- [TRY IT]
Return all lines in the material below that contain "beautiful".

- [SUPPLIED RECORDS]
--- START ---

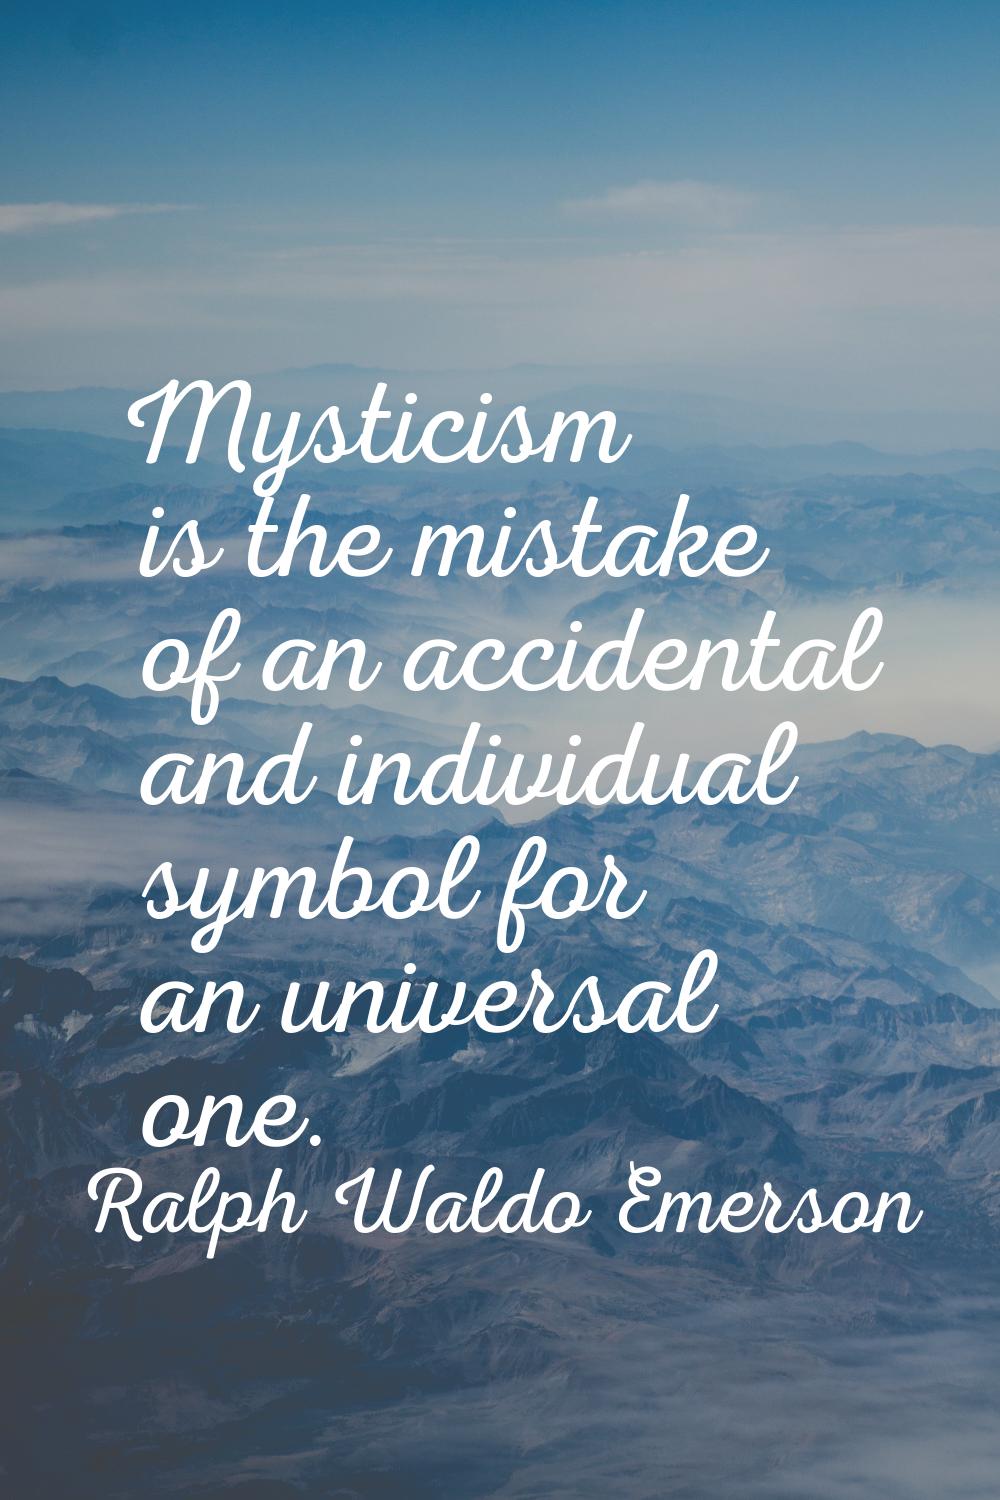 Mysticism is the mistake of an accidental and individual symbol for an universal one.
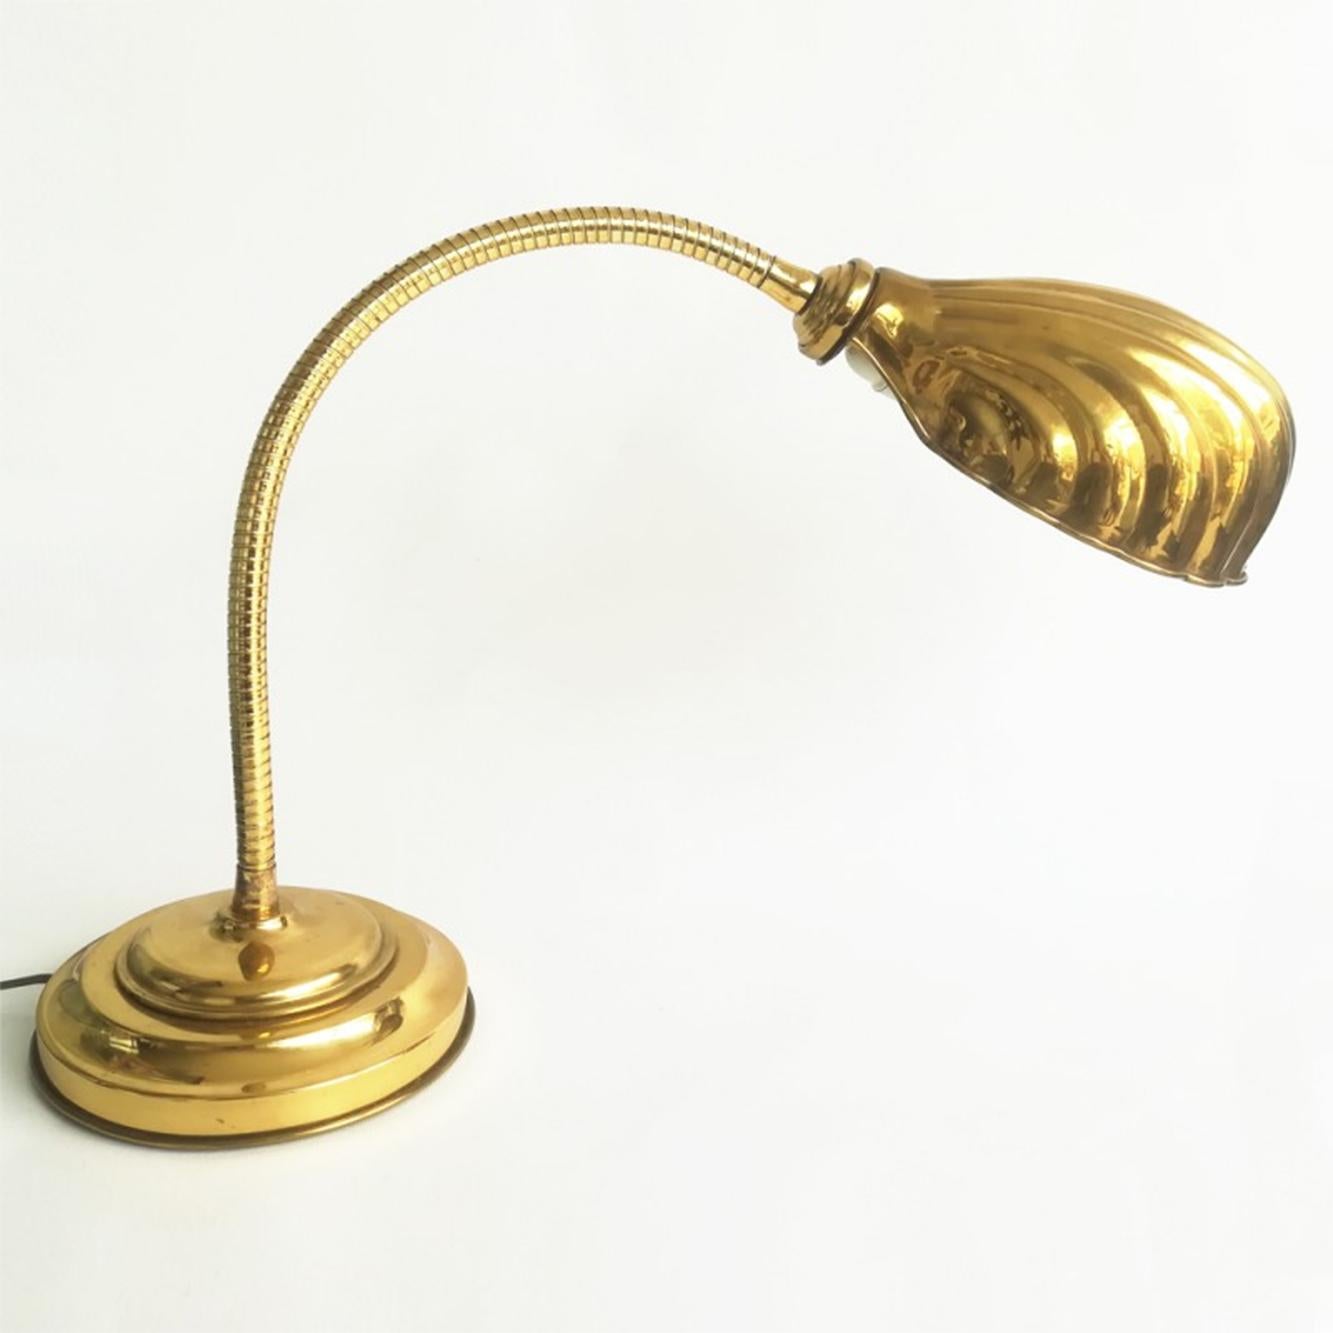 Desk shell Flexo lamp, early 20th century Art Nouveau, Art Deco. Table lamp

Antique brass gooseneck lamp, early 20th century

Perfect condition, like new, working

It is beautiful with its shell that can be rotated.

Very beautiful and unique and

--- END ---

- [PROBLEM SOLUTION]
It is beautiful with its shell that can be rotated.
Very beautiful and unique and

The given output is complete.